> [Directions]: Print the records below exactly, from the line containing "Vue de nuit" down to the line containing "Стильна кепка Napapijri", both lines included, and omit every picture.

> [Source material]:

---+---

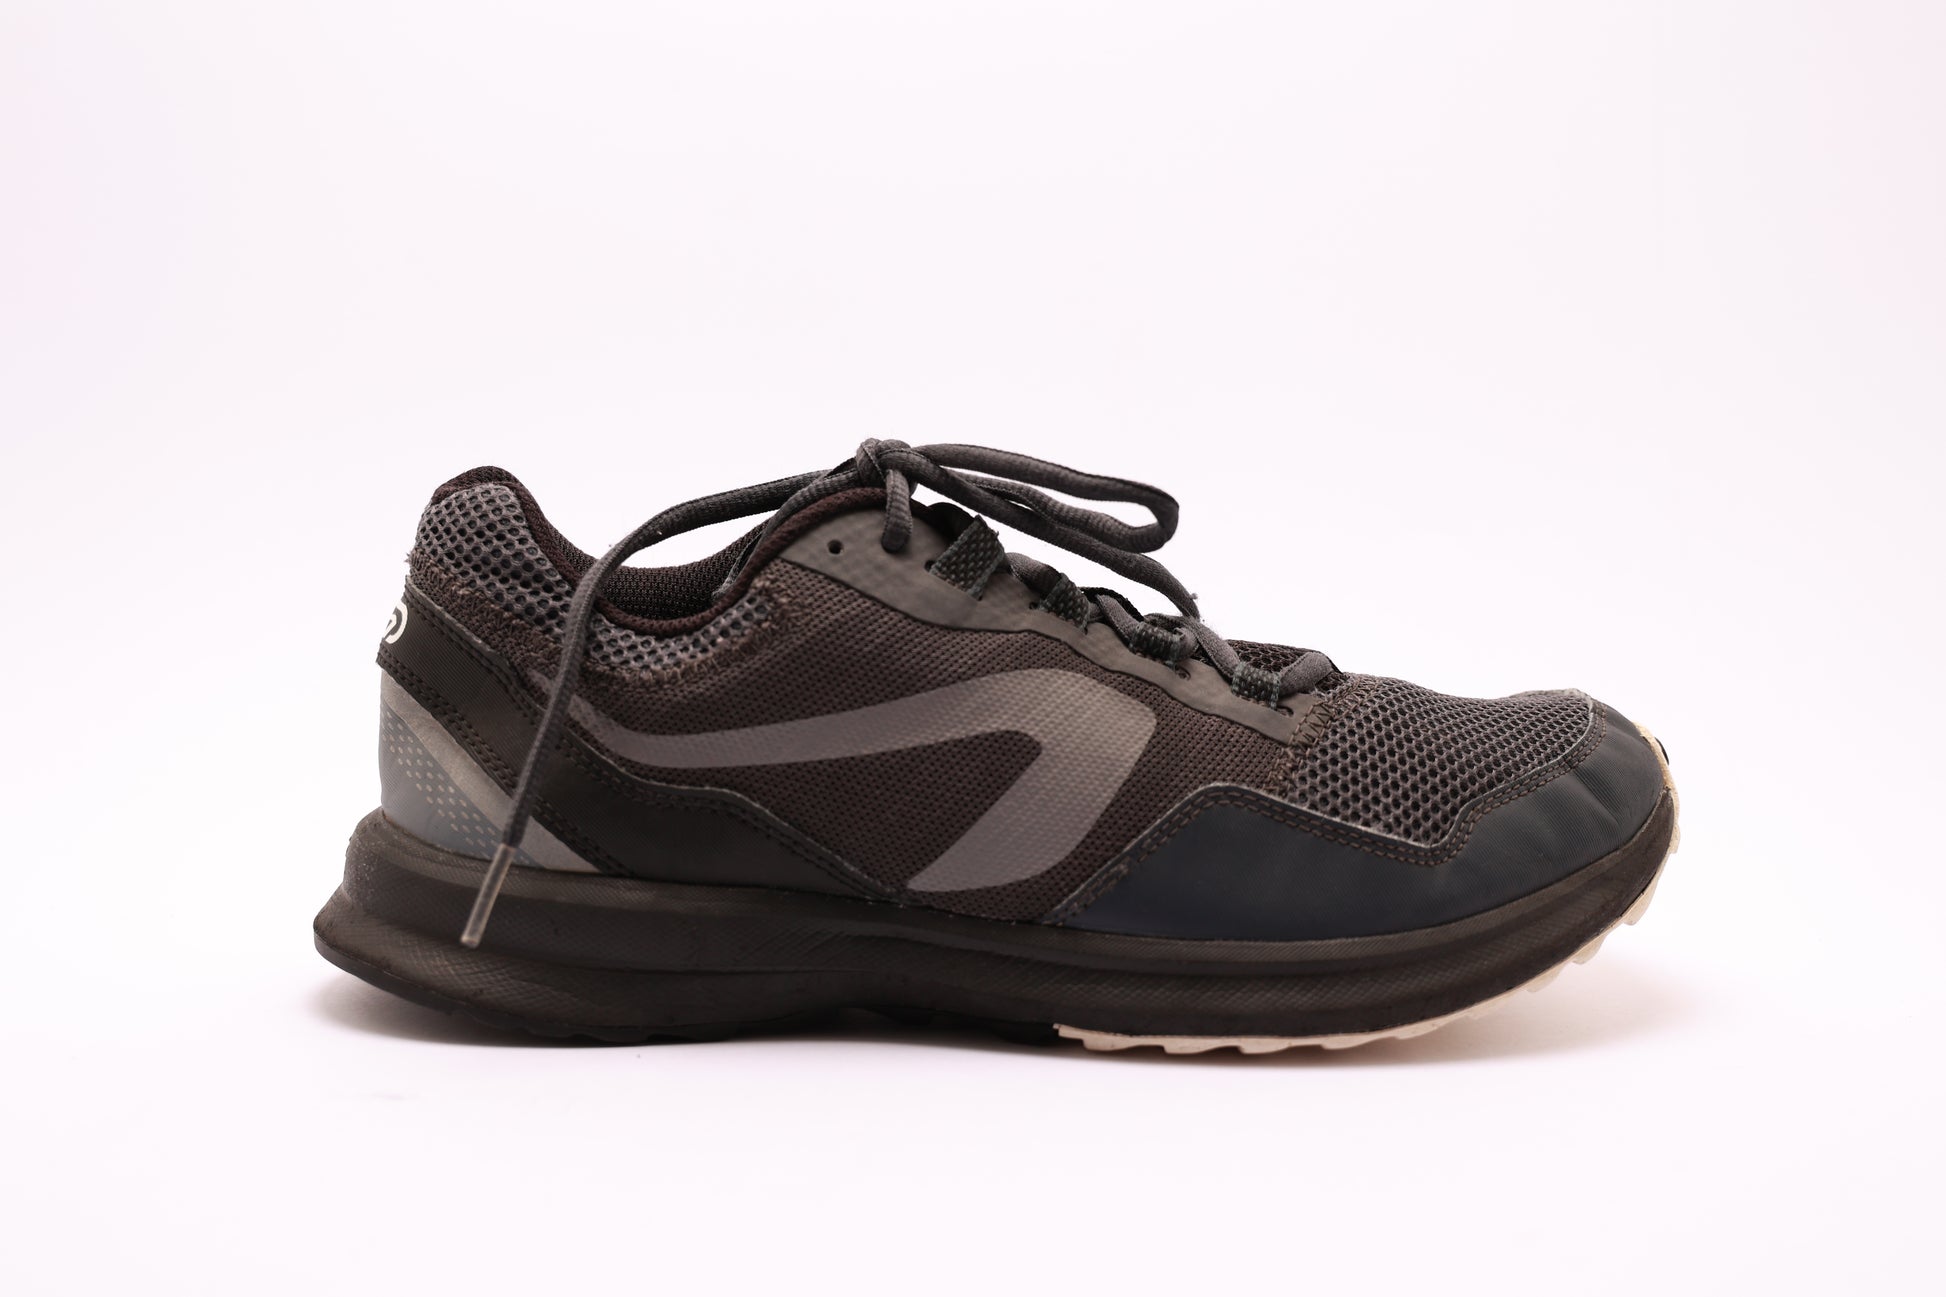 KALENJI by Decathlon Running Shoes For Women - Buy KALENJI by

---+---

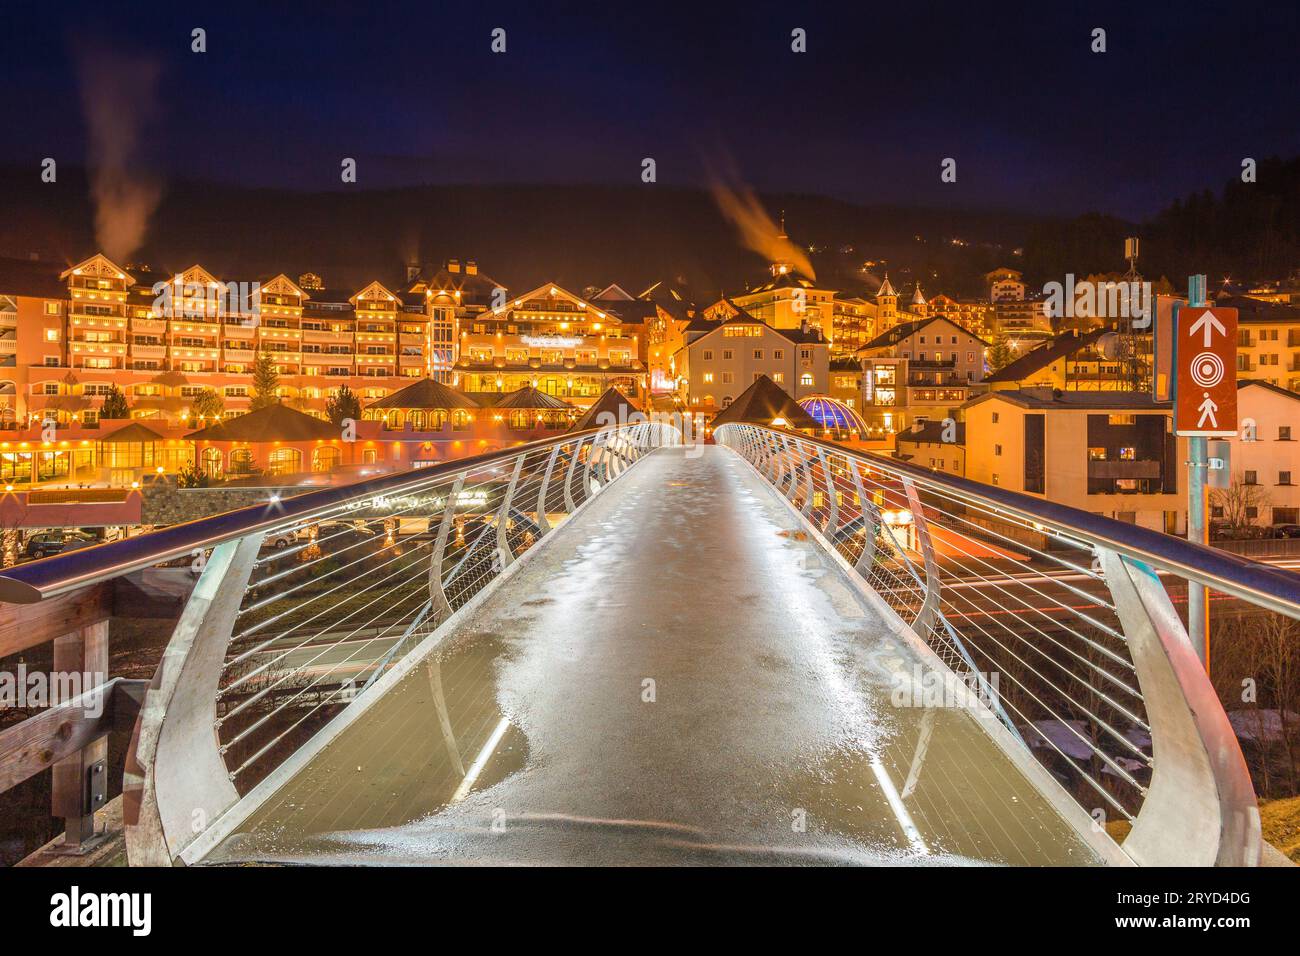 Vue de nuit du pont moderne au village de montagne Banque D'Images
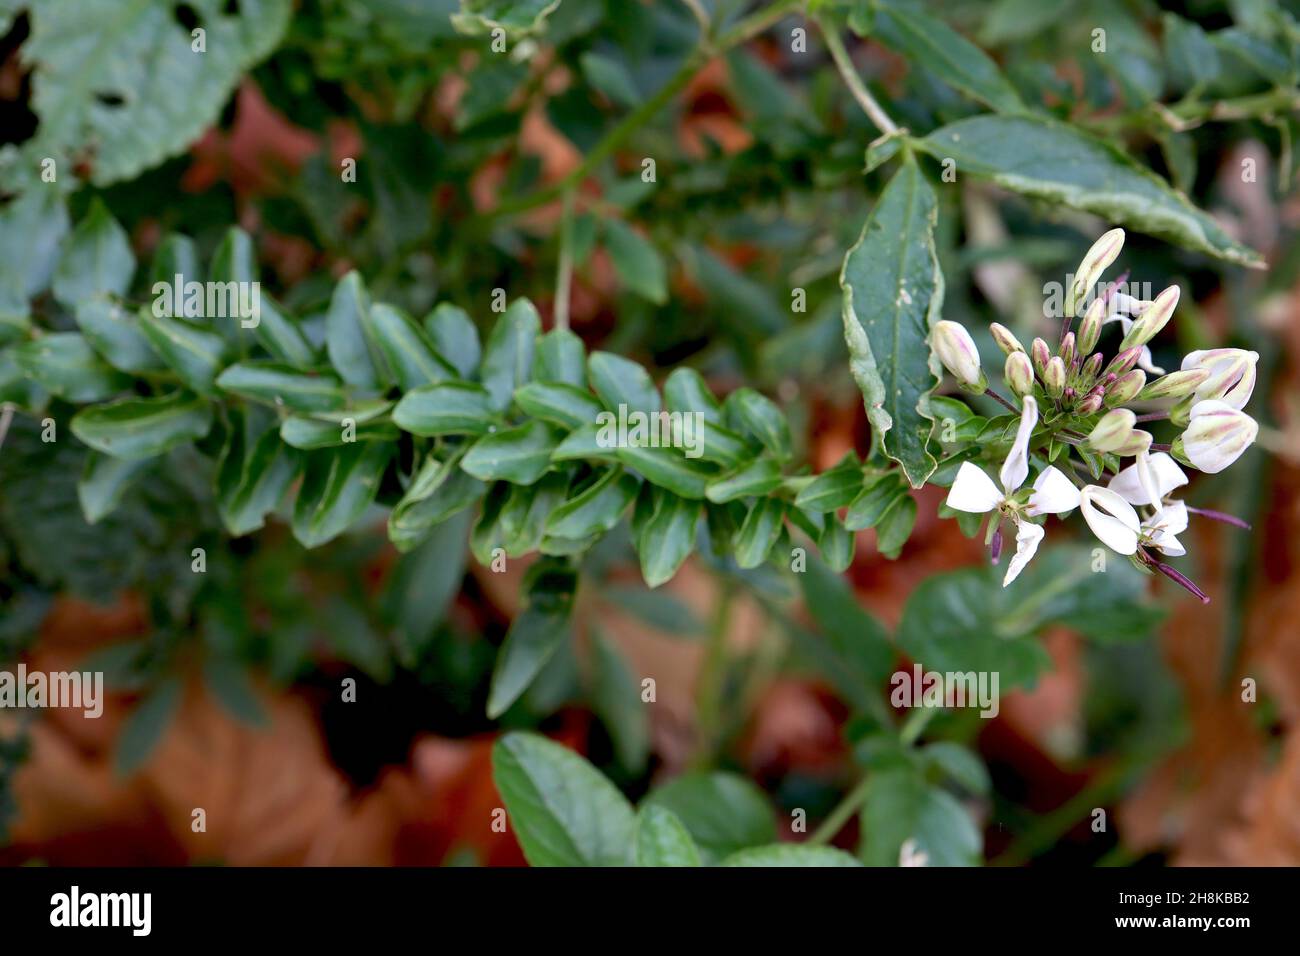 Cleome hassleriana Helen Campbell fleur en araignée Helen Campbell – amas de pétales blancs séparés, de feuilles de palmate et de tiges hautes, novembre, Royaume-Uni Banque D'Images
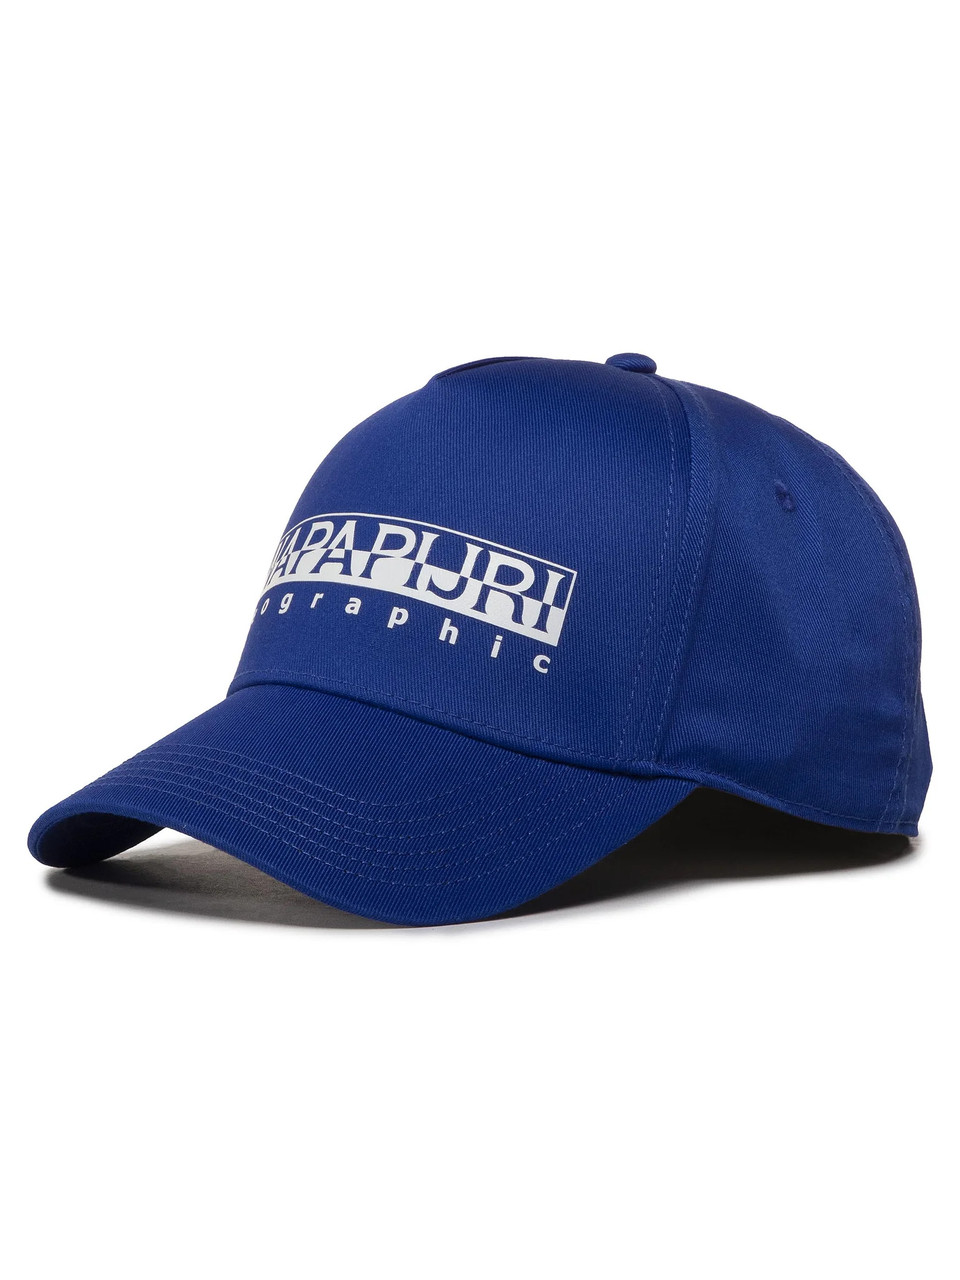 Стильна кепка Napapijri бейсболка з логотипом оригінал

---+---

> [Completed exercise]:
 Vue de nuit du pont moderne au village de montagne Banque D'Images
 Cleome hassleriana Helen Campbell fleur en araignée Helen Campbell – amas de pétales blancs séparés, de feuilles de palmate et de tiges hautes, novembre, Royaume-Uni Banque D'Images
 Стильна кепка Napapijri бейсболка з логотипом оригінал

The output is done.